About Us


Our Mission and Vision

Since 2020, our researchers at RIDER work on advancing the quality of life of our communities in Florida and the American Southeast by identifying disaster vulnerability, improving infrastructure, investigating ways to minimize negative impacts of natural disasters, and developing new methods for economic and environmental sustainability.
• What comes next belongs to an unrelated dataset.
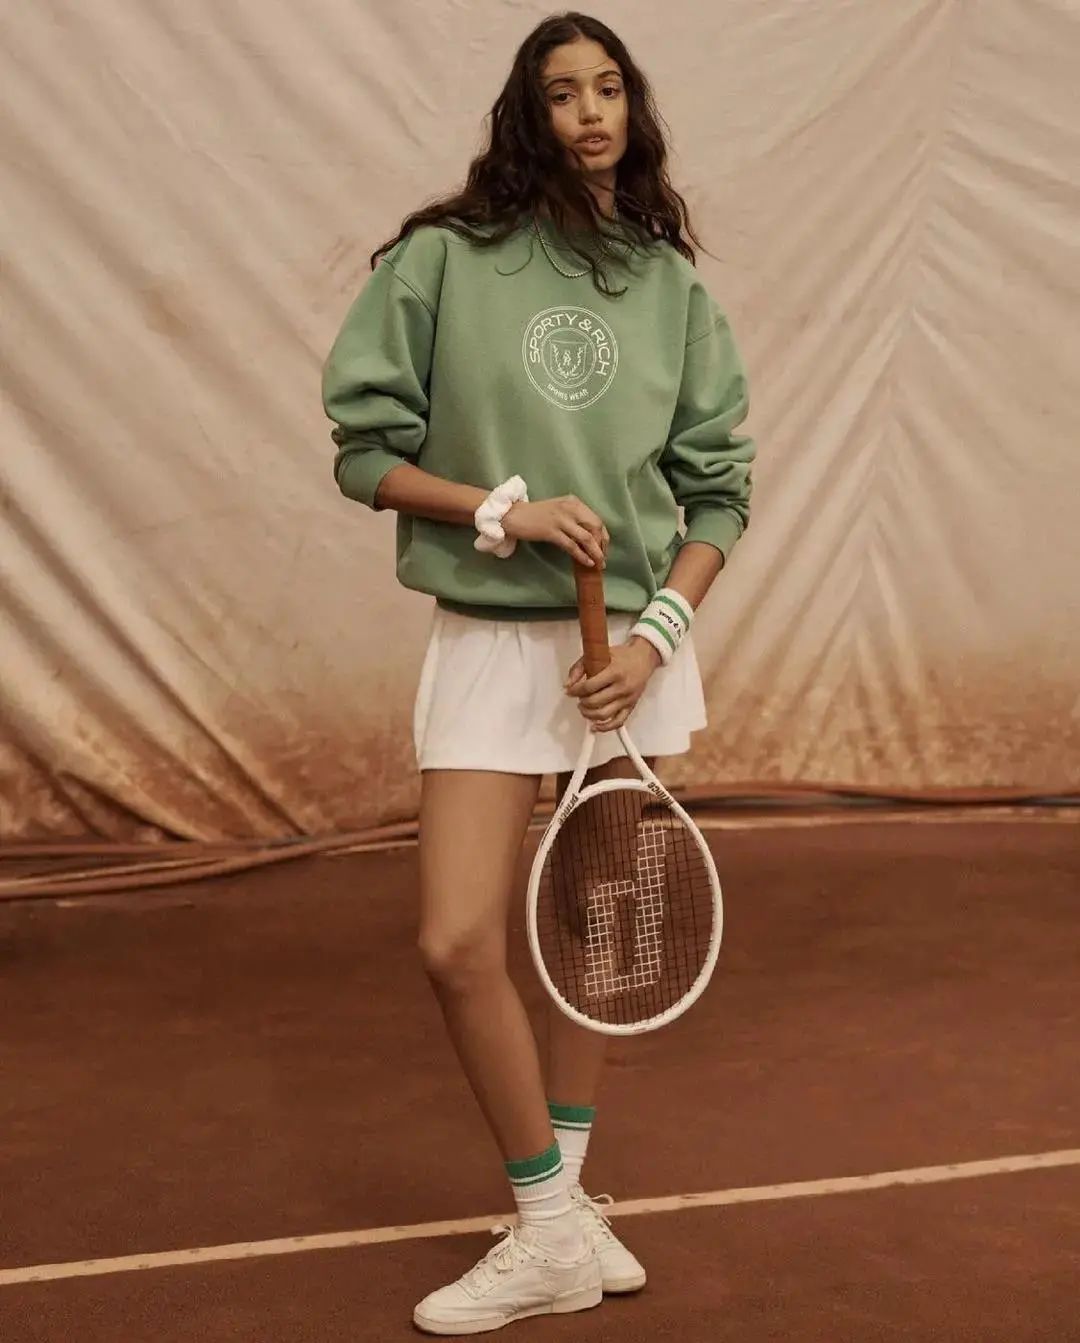 how to style a skort tennis outfit

RIDER promotes disaster resilience for our communities in Florida and across the American Southeast, and probes the underlying causes of disaster vulnerability in communities, while accounting for infrastructure characteristics, and assessing their significance through various computational methods such as machine learning, causality, and regression models. These goals are dependent on the available network, infrastructure, land use, and other localized conditions.

The Resilience Divide

Those who study natural and manmade disasters, as well as the recovery from these disasters, have uncovered some startling facts. Today an increasing number of researchers note that both acute impacts and long-term recovery from disasters are place-based and depend on factors such as age and socioeconomic status of the impacted population. These factors also determine communities' ability to thrive — and to be resilient — in the face of a disaster.” This is known as the Resilience Divide. RIDER Center is a direct response to this challenge.


"We want to be the voice of communities. We want to have our communities be involved in disaster planning, preparedness and recovery, and that's the goal, that's the actually the mission, of RIDER. We want to help our communities cope with disasters... and to be able to do that, we need to understand the mechanism of previous disasters...'"

Dr. Eren Erman Ozguven

Director of RIDER


Research Meets Action

RIDER leverages technology, data, and multidisciplinary research with a deep understanding of how the unique conditions of each community’s physical and social dynamics, available infrastructure, and land use affect resilience. Founded at the nexus of engineering, science, and communities, RIDER’s solutions empower our communities in Florida with new tools, training, and enhanced partnerships among public, private, non-profit, and academic stakeholders. Improving disaster resilience helps us protect these communities and save billions of dollars; RIDER is leading that work.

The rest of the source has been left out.